Пример гуманизма, кстати, не единичен — в «СМРТ» герой Лимонова, журналист, днями выслушивал сербских крестьян, жертв войны, чтоб хоть так облегчить их психологическое состояние, в «Иностранце в смутное время» сожалел по поводу старения своих родителей, пытался им помочь, ненадолго приехав из Франции, и т. д. Все это не заслуживало бы отдельного рассмотрения, если бы не одно «но» — у Мисимы мизантропизм тотален и только усиливается, человеколюбию совсем нет места… И в этом, пожалуй, главное различие Мисимы и Лимонова. Мисима пытался построить свою метафизику на одной эстетике, лишь минимально, да и то безуспешно привлекая этическое основание. Эстетически красивый бунт Мисиме был нужен лишь для оправдания, мотивации прекрасной смерти. Лимонов же пишет об эстетике, красоте бунта, но она не является для него самоцелью. По сути, перед нами вульгарное переложение идей уже анархо-коммунизма (отменить деньги, всем дать равное), в коммунизме же очевидна христианская составляющая. И здесь парадоксальным образом у Лимонова возникает образ Христа — то, что абсолютно невозможно представить в абзацах Мисимы, посвященных восстанию, но что было еще в «Двенадцати» у Блока: «Айда, ребята, на улицу! Там Революция как Христос в наш город пришла. Там у богатых отбирают и бедным дают, там столы накрывают и люди всех видов обнимаются»[205]. Это подтверждает, что Лимонов занимался не просто «готовой сборкой» системы Мисимы, но и кардинально развивал ее — явно выразив христианские темы, которые у Мисимы подавались в более имплицитном виде, то есть добавив к эстетике этику.

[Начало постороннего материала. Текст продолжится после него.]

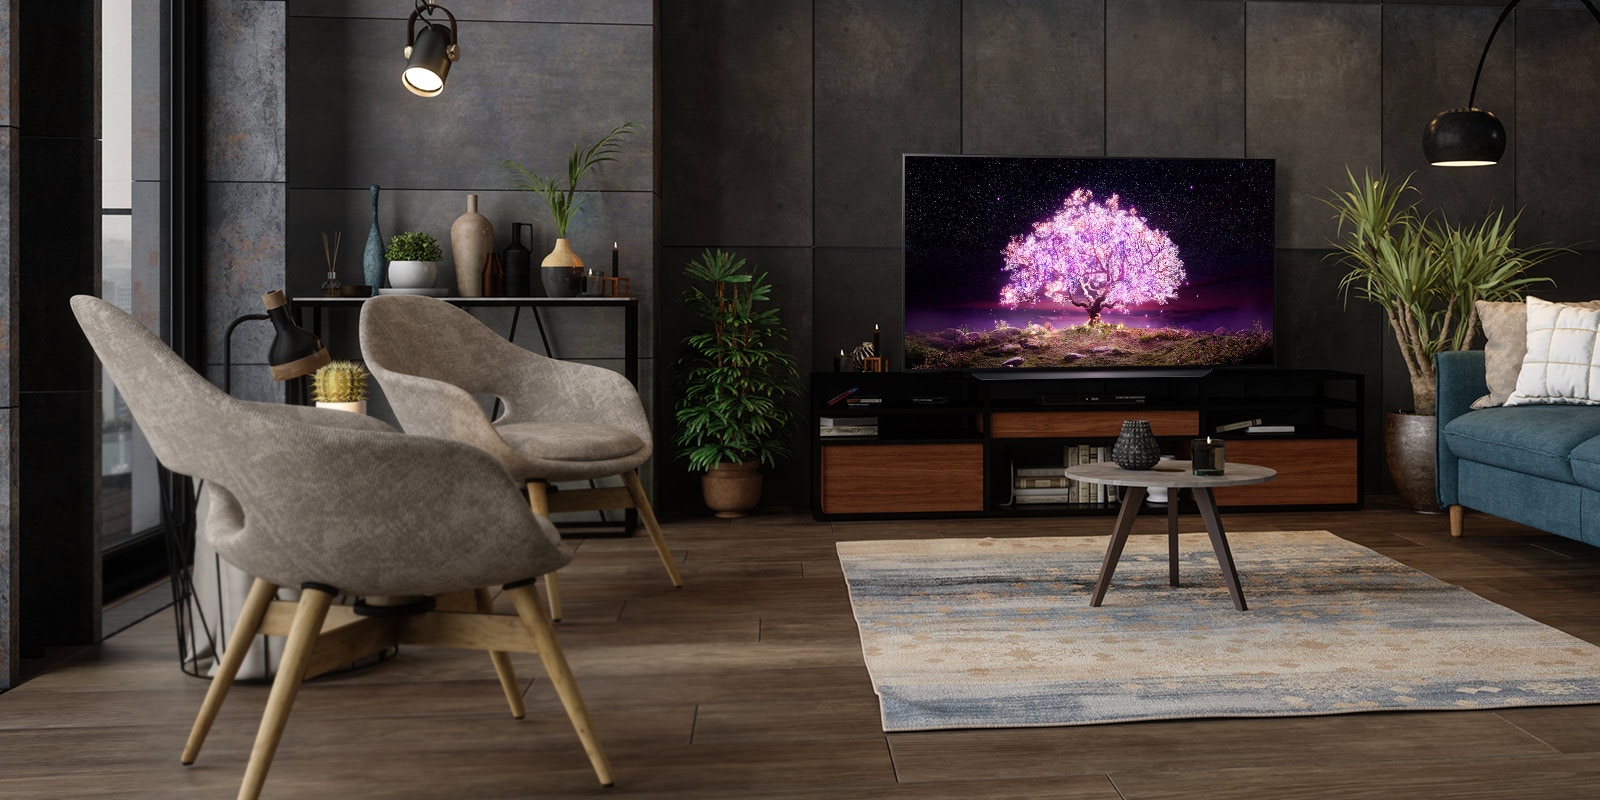 Un televizor pe care se afiseaza un copac care emite lumina purpurie intr-o casa luxoasa
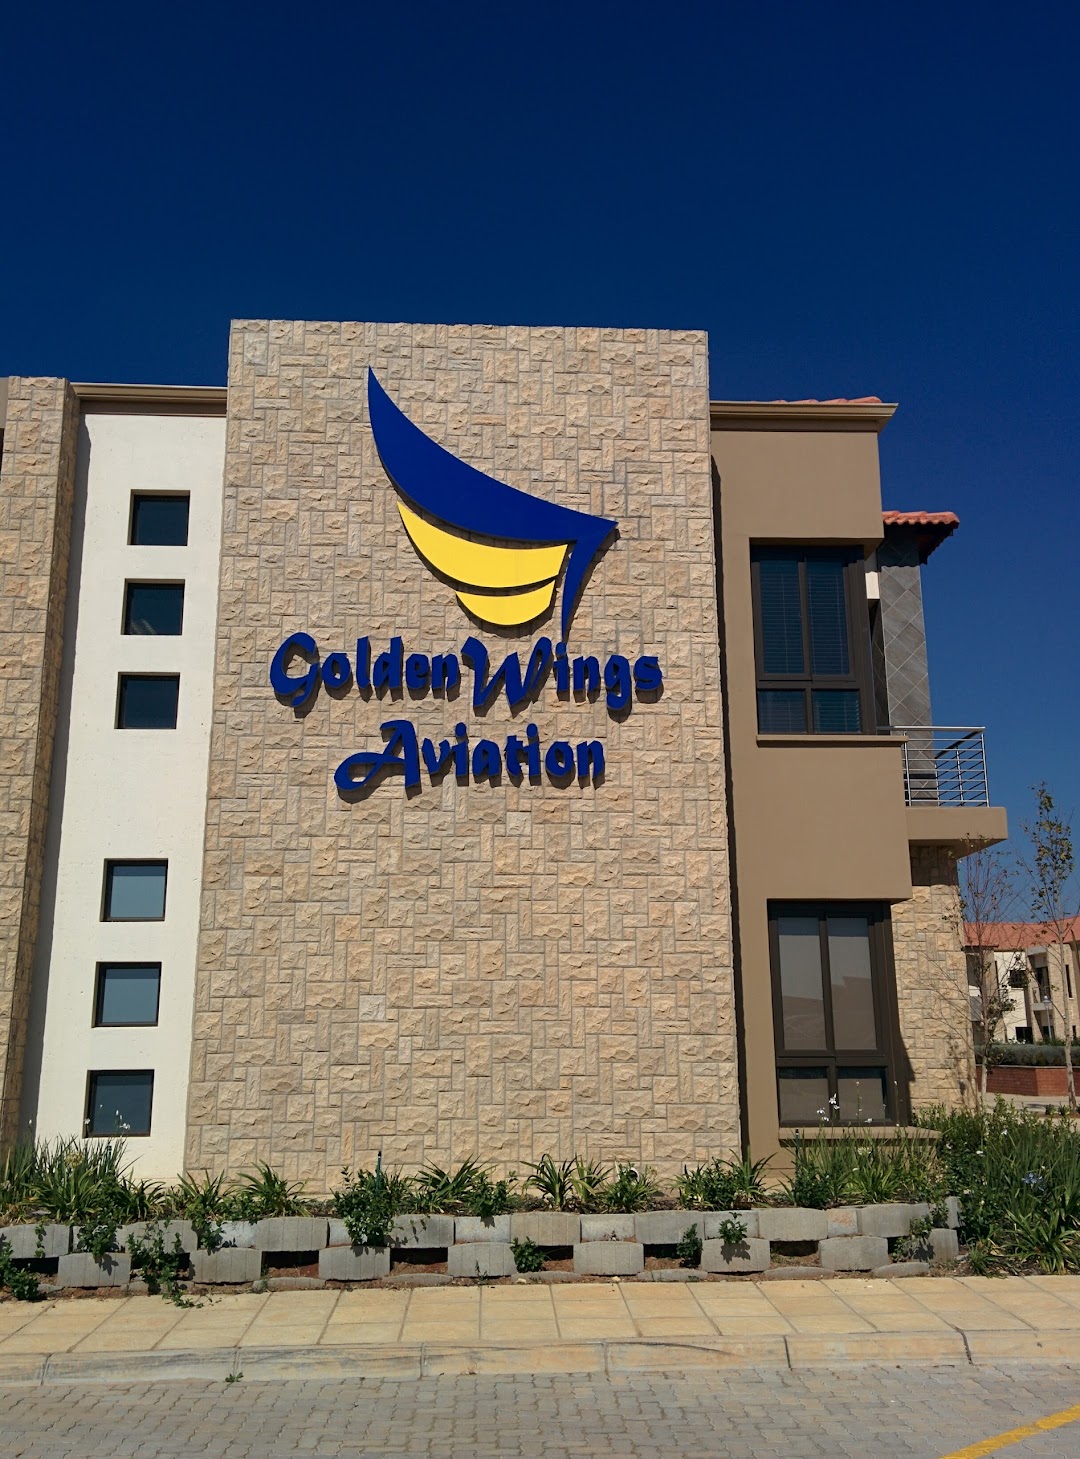 GoldenWings Aviation

Критика античеловеческой Системы усиливается и, что знаменует общую его тенденцию, происходит переход от художественной прозы к социально-утопической эссеистике, — из области художественного высказывания переходят в область высказывания теоретического. В «Дисциплинарном санатории» говорится не только о подавлении отдельных свобод индивидуума, но и о подавлении его стремления к этим свободам, некой ценностной подмене: «В санаторной же цивилизации возобладал подмен (так в тексте. —
Но несмотря на то что Лимонову сопутствует имидж вечного бунтаря[207], это не совсем так. В более поздних произведениях у него происходит некая трансформация мотивов. Это особенно заметно в «Убийстве часового». В этом романе совершенно отсутствует тот вульгарный анархизм, что был свойственен Лимонову «американского» и «французского» периодов. Анархизм, борьба с государством сменились патриотизмом: «Все, что хорошо для моего государства, — хорошо для меня. Все в государстве. Ничто помимо государства»[208]. Кроме того, в этом же романе полностью уходит мотив эстетизации войны. Если Мисима до конца своих дней говорил об эстетической составляющей революции и войны (игнорируя составляющую этическую), то Лимонов уже в этой «перестроечной» работе пришел к отрицанию красоты войны и насилия. На протяжении нескольких страниц война получает такие эпитеты как: «грязное дело», «нервное дело», «занятие страшное, похабное, стыдное», «война безумна»[209]. Однако завершаются эти страницы предложением «я за войну». Не оставившая писателя страсть к войне находит у него теоретическое оправдание — «вовремя начатая война сберегает жизни».
Вообще же термин «гуманизм» в отношении этоса Лимонова, понятно, следует использовать с большой долей условности. Возможно, если сравнивать более человеколюбивый подход Лимонова с мизантропичным подходом Мисимы, стоит говорить о более антропоцентричном подходе Лимонова. Этот более персоналистский подход свойственен европейскому менталитету в отличие от менталитета восточного. В том же «Убийстве» можно обнаружить любопытную метафоричность — любовь к людям, к стране уподобляется любви к женщине, как до того к ней же приравнивалась война:
«Страсть к своему народу испытывал я. Страсть — это на много тысяч киловатт сильнее чувство, нежели любовь к своему народу. Любовь, в сущности, плаксивое, слабое чувство и расслабляющее. Страсть же — это и требовательность, и недовольство, и даже уколы ненависти, настойчивое подсматривание за ним, надзор титанический»[210].